Wie ist das, wenn ein verheirateter Mann, Vater von zwei Kinder,  sich in einen anderen Mann  verliebt?  - Wie reagiert seine Frau, wenn sie vom Verhältnis ihres Manns zu einem anderen Mann? Mit der Waffen der Frau ist nichts zu machen. Und wenn sie sich scheiden? Ein altes Thema – das Hubert Selby in seinem Roman „Last Exit to Brooklyn“ brutal beschreibt. Es ist aber ein deutsches Thema – vor allem in Städten  wie Heilbronn, Öhringen, Schwäbisch Hall oder Künzelsau betrifft. 

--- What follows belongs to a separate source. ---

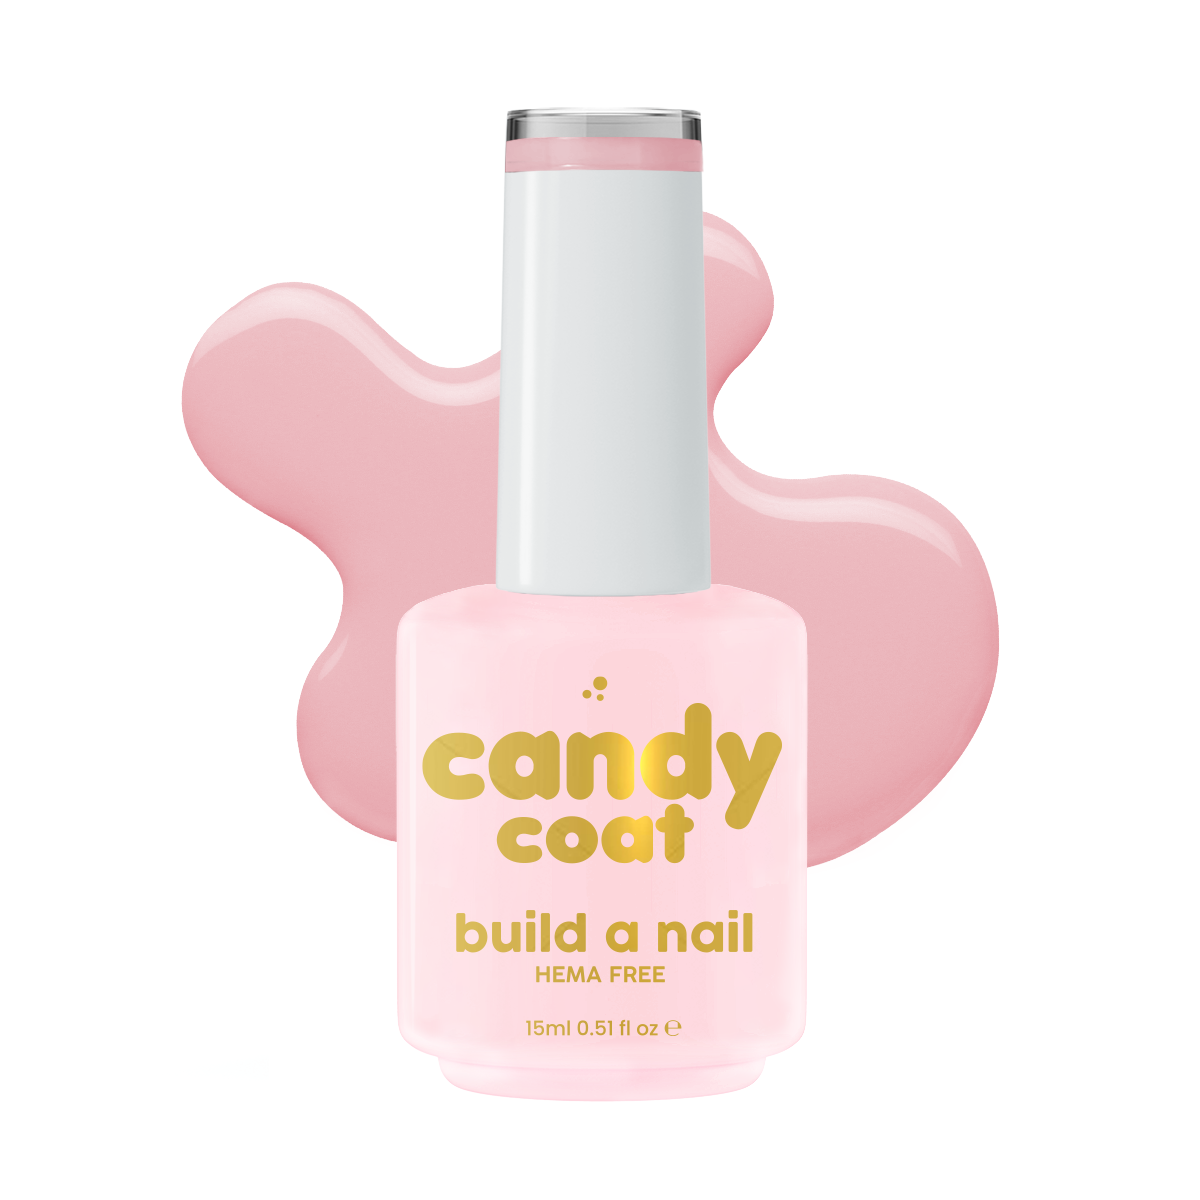 Candy Coat - HEMA Free Build-a-Nail® - BH016 15ml - Candy Coat

„Harry Black ist ein Mitarbeiter der lokalen Gewerkschaft und prahlt gern mit den Räumen und den Spesengeldern, welche die Gewerkschaft ihm zur Verfügung stellt. Bei einer Straßenschlägerei lernt er neue Freunde kennen. Obwohl er verheiratet und Vater eines Säuglings ist, besucht er mit ihnen eine Transvestitenparty. Dort entdeckt er, der seine Frau stets zurückgewiesen hatte, endlich seine Homosexualität und beginnt eine Affäre mit einem androgynen Dandy namens Regina. (…) Harry Black wird aus dem Büro seines Vorgesetzten in der Gewerkschaftsführung hinausgeworfen, nachdem man Unregelmäßigkeiten in seinen Spesenabrechnungen und andere Verfehlungen entdeckt hat. Gleichzeitig wendet sich auch seine neue große Liebe Regina von ihm ab. Vor Verzweiflung wie von Sinnen versucht er, sich an einem Jungen aus der Nachbarschaft zu vergehen. Dafür wird er von mehreren Männern übel zusammengeschlagen.“ (Letzte Ausfahrt Brooklyn, Roman von Hubert Selby, 1964).


Es werden von solchen Schicksalsschlägen in der Region Heilbronn werden nicht nur Gewerkschaftsfunktionäre, Friseure, Ärzte, Redakteure, Bürgermeister, Pfarrer, Abgeordnete oder Manager betroffen … 

Siehe - die Gerichte, in denen derartige Ehen zu ihrer Scheidung verhandeln werden … Tragödien von Menschen, die nicht ehrlich in ihren Spiegel schauen konnten ... der Spießer, wenn er über sein Leben spricht, immer lügen muss,  wenn er das Maul aufmacht. Siehe - die Dramentheorie des Aristoteles ...

Siehe auch: die Ländle-Perspektive ... quasi "Ausfahrt Stuttgart"...
Beziehungsweise: "Ehen in Philippsburg", der erste Roman Martin Walsers,  Erscheinungsjahr 1957.
Die Geschichte spielt in einer als Philippsburg bezeichneten Großstadt in den 1950er Jahren und gibt ein satirisches Porträt der westdeutschen Nachkriegsgesellschaft im Wirtschaftswunder. Die Erzählung spielt in bürgerlichen Kreisen, es geht um Karriere, Macht, Wohlstand und Seitensprünge. Dagegen gehen wahre Liebe und Leidenschaft den Protagonisten abhanden, Moral scheint ihnen fremd. So sauber die gerade erst entstandene Welt scheint, so zerbrechlich ist sie doch ohne diese Grundpfeiler. Kritik an der fehlenden Moral erscheint in den Aufzeichnungen der Gescheiterten.